Chi è l’amico della solforosa?

Non mi importa che faccia o no male.
Gli effetti che ha sul mio corpo li scopriranno molto dopo la mia dipartita.
Mi chiedo solo perché la si usi, da quanto e con quali risultati organolettici?
In realtà se lo è chiesto molto prima di me Michel Le Gris ed è dal suo libro che ho rubato a mano bassa questi pensierini che ho il piacere di sottoporvi.
Da quando si usa?
Con certezza dal settecento o giù di lì e si usavano micce di zolfo con cui si fumigavano le botti prima dei travasi.
Non si aggiungeva direttamente nel mosto o nel vino.
Si è cominciato ad aggiungere acido solforoso ai mosti ai primi del novecento.
Subito i vignaioli cominciarono ad accusare problemi nel far partire la malolattica.
Nei vini rossi penserete.
No!

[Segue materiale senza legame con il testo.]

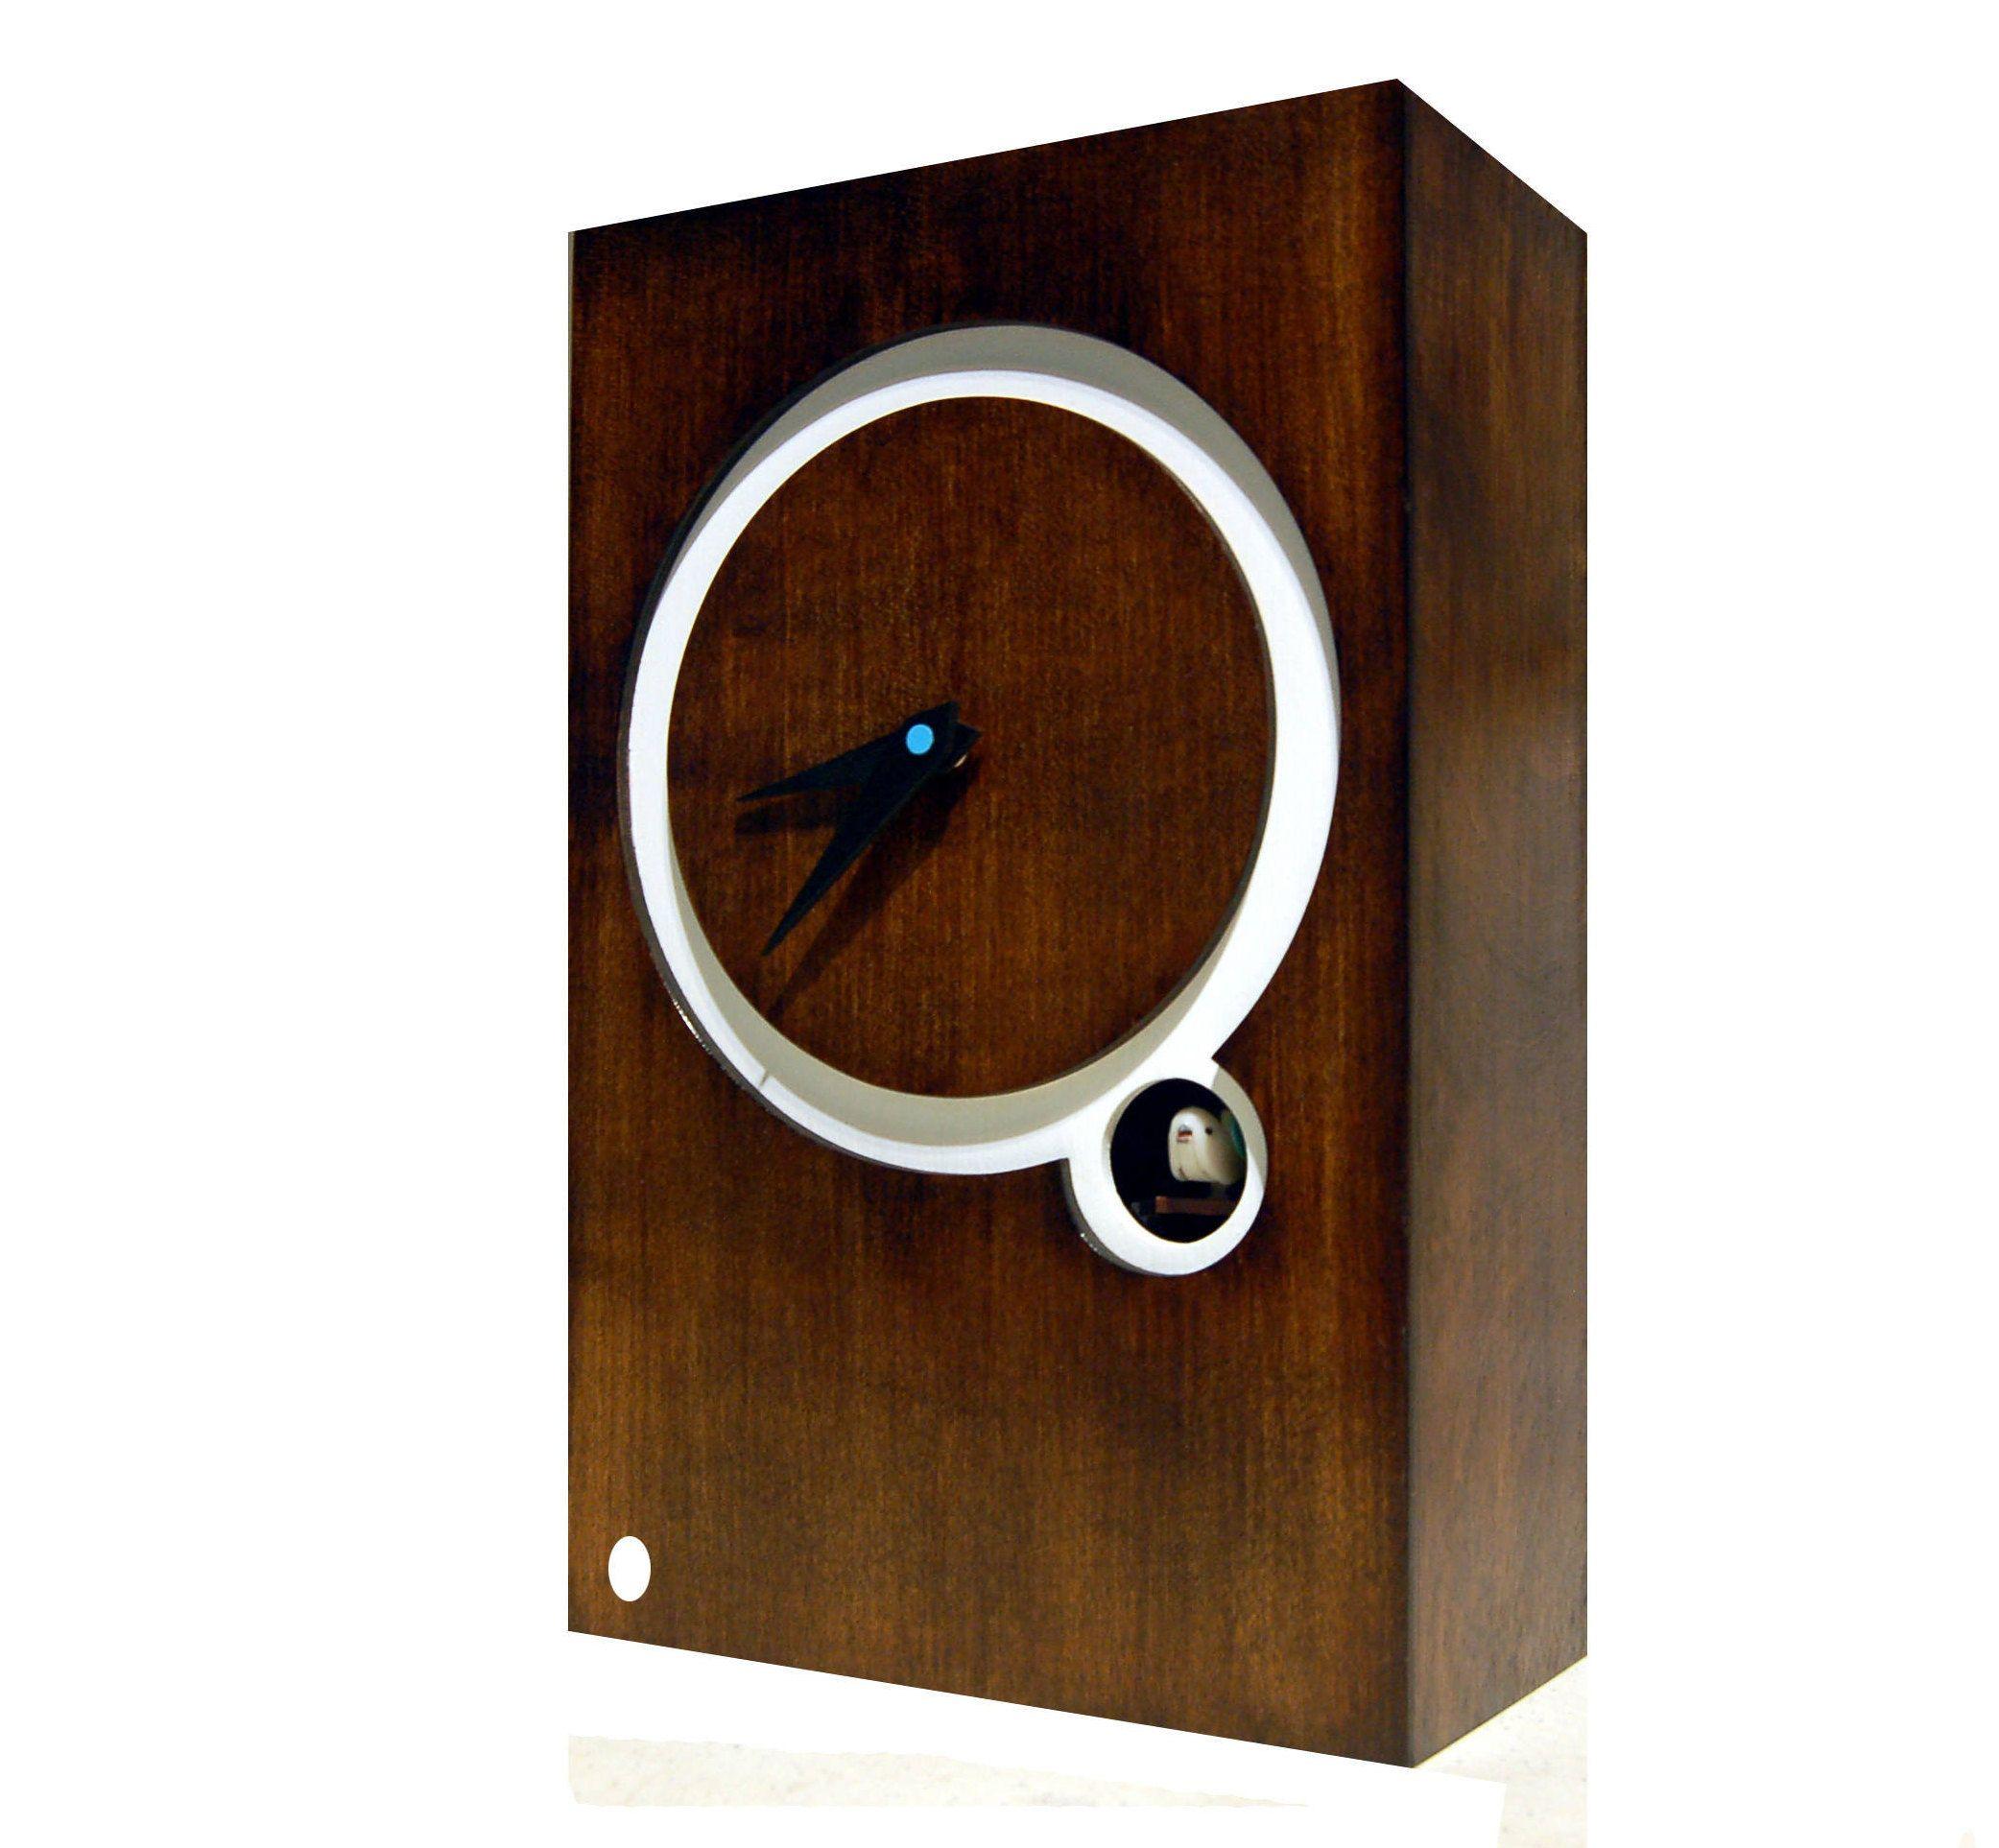 Modern Cuckoo ClockWall Clock With Moving Cuckoo
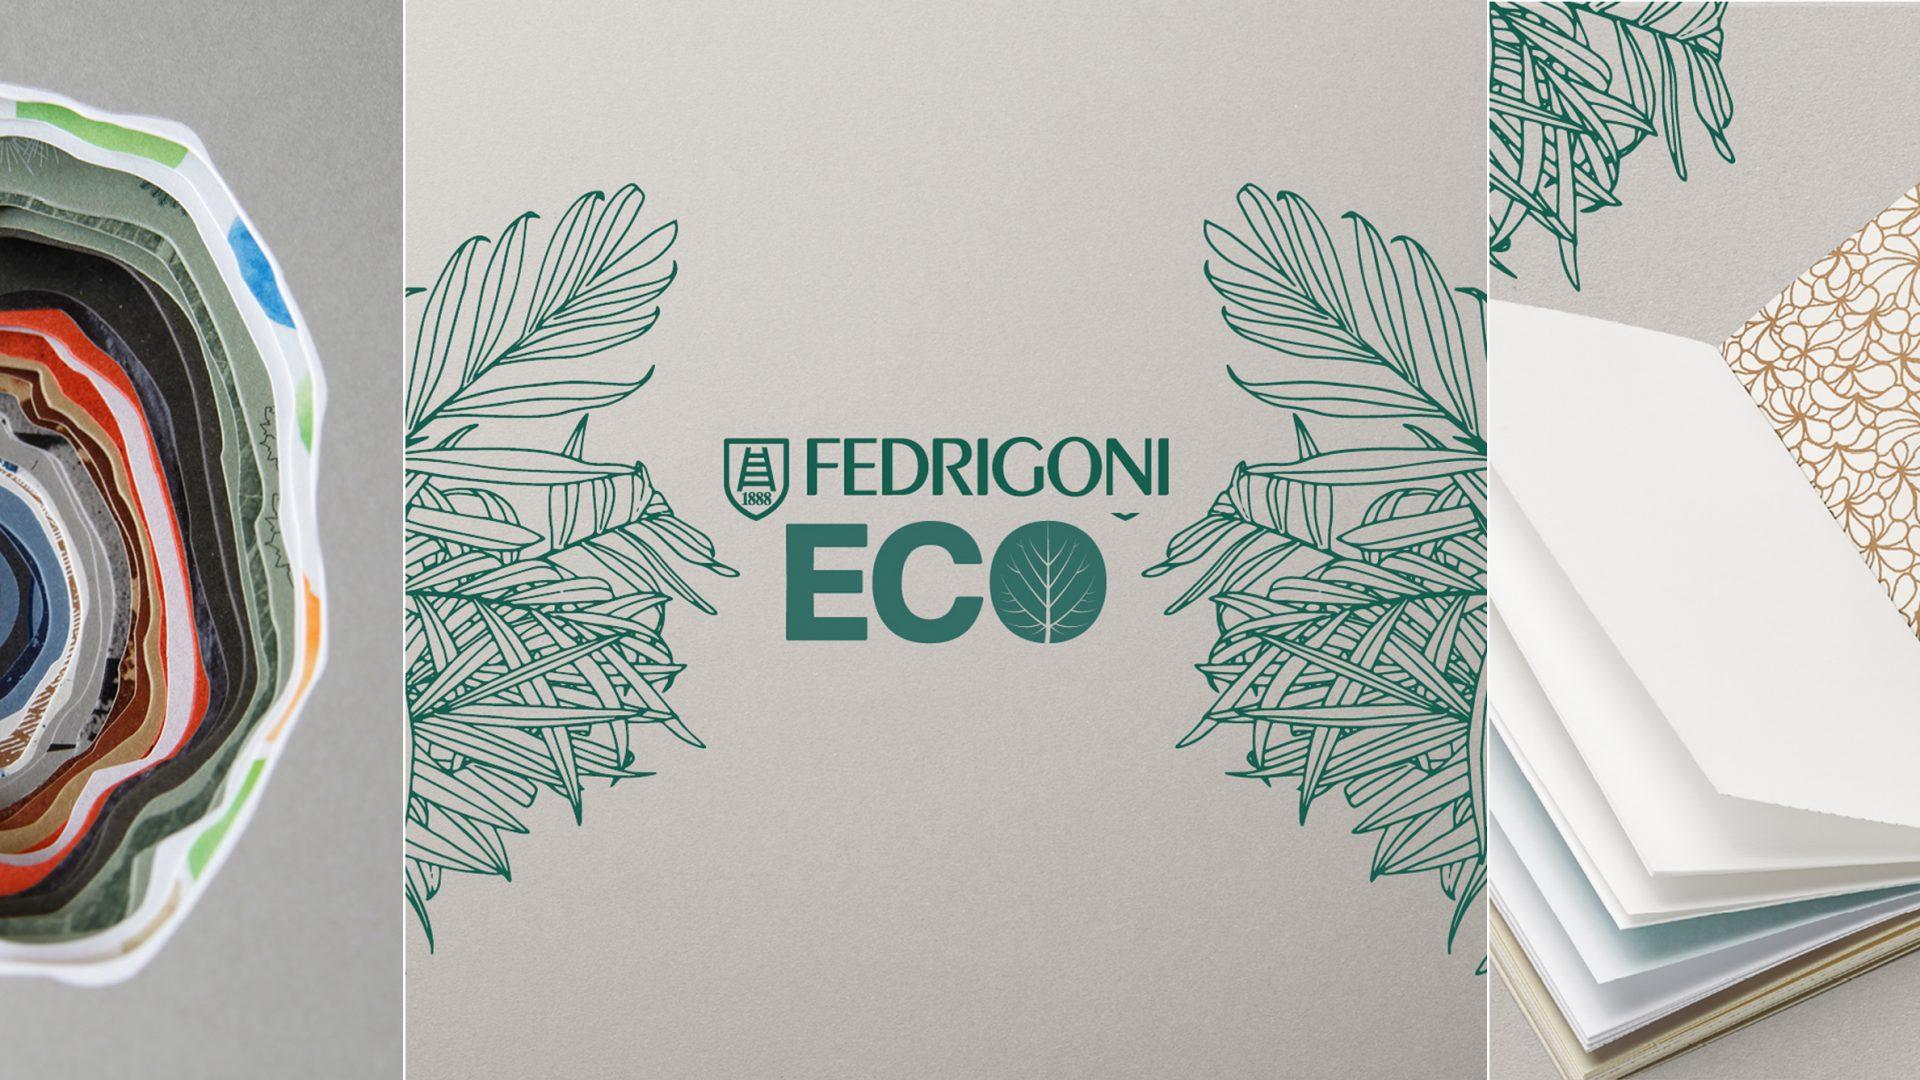 Larga vida a los 'recycled papers'!

Nei bianchi,  Alsaziani per giunta.
Quelli che ora sono vinificati con generosi zuccheri residui e profumi fruttati, senza malolattica, imbottiti di solforosa.
Quindi prima dell’uso dell’acido solforoso i bianchi Alsaziani venivano stabilizzati con la malolattica e il frutto era preservato facendo affinamenti corti in botti grandi e poi subito bottiglia.
E comunque si aprivano Riesling del 1843 in ottime condizioni.
Ops.
Allora spiegatemi e convincetemi perché oggi, per bere un bianco devo anche ingurgitare 100/120 mg/l di solforosa.
E’ una tassa sulla modernità sensoriale?
Siamo sicuri che i bianchi debbano essere fruttati e floreali e freschi.
Oppure, visto che sono tutti così, non abbiamo possibilità di scelta?
Antisettica e antiossidante l’anidride solforosa ha modificato il profilo organolettico dei vini negli ultimi ottanta anni.
Eppure anche prima si facevano grandi vini.
Siamo figli della solforosa e dell’errore concettuale che sottende all’intervento sanitario preventivo.
Il suo effetto sui vini è di amplificare certi profumi primari semplificando molto il corredo olfattivo, esclude le ossidazioni, brillanta e vivifica i colori.
L’uso preventivo è stato esteso a molte tappe del processo produttivo.
Ammostatura in primis e qui viene usata per una pratica che io non riesco ad accettare concettualmente.
La sanificazione del mosto che poi deve essere inoculato con i lieviti selezionati per fermentare.
Insomma neutralizzo i microorganismi  già presenti nel mosto per poi metterne altri provenienti da selezione genetica (per maggiore chiarezza, i microrganismi nel mosto all'inizio sono non saccaromices provenienti dalle bucce, i saccaromices, principali responsabili della fermentazione, sono pochissimi numericamente e l'inoculo avviene attraverso le attrezzature e gli ambienti di cantina, quindi i saccaromices sono lieviti di cantina.)
I lieviti selezionati sono resistenti alla solforosa, alcool alto produttori, glicerina alto produttori, composti aromatici alto produttori, acido acetico basso produttori, composti solforati basso produttori etc. tutto tabellato nelle schede tecniche delle ditte produttrici.
Territorio, entità tanto invocata dove sei finita?
(Mi è stato detto più volte da illustri produttori: ”per me i lieviti non sono territorio, perché sono in  cantina e non in campo!” Si vede che hanno i vigneti a Treviso e le cantine in Svezia).
Svinatura.
Travasi.
Imbottigliamento.
Nei vini bianchi inibisce la malolattica e sbianca il colore.
Nei rossi favorisce l’estrazione dei coloranti dalle bucce, però magari, poi non parte la malolattica e allora bisogna inoculare i vini con i batteri lattici selezionati (e questi sono carogne inaffidabili, perché la solforosa proprio non la sopportano, neanche i ceppi selezionati).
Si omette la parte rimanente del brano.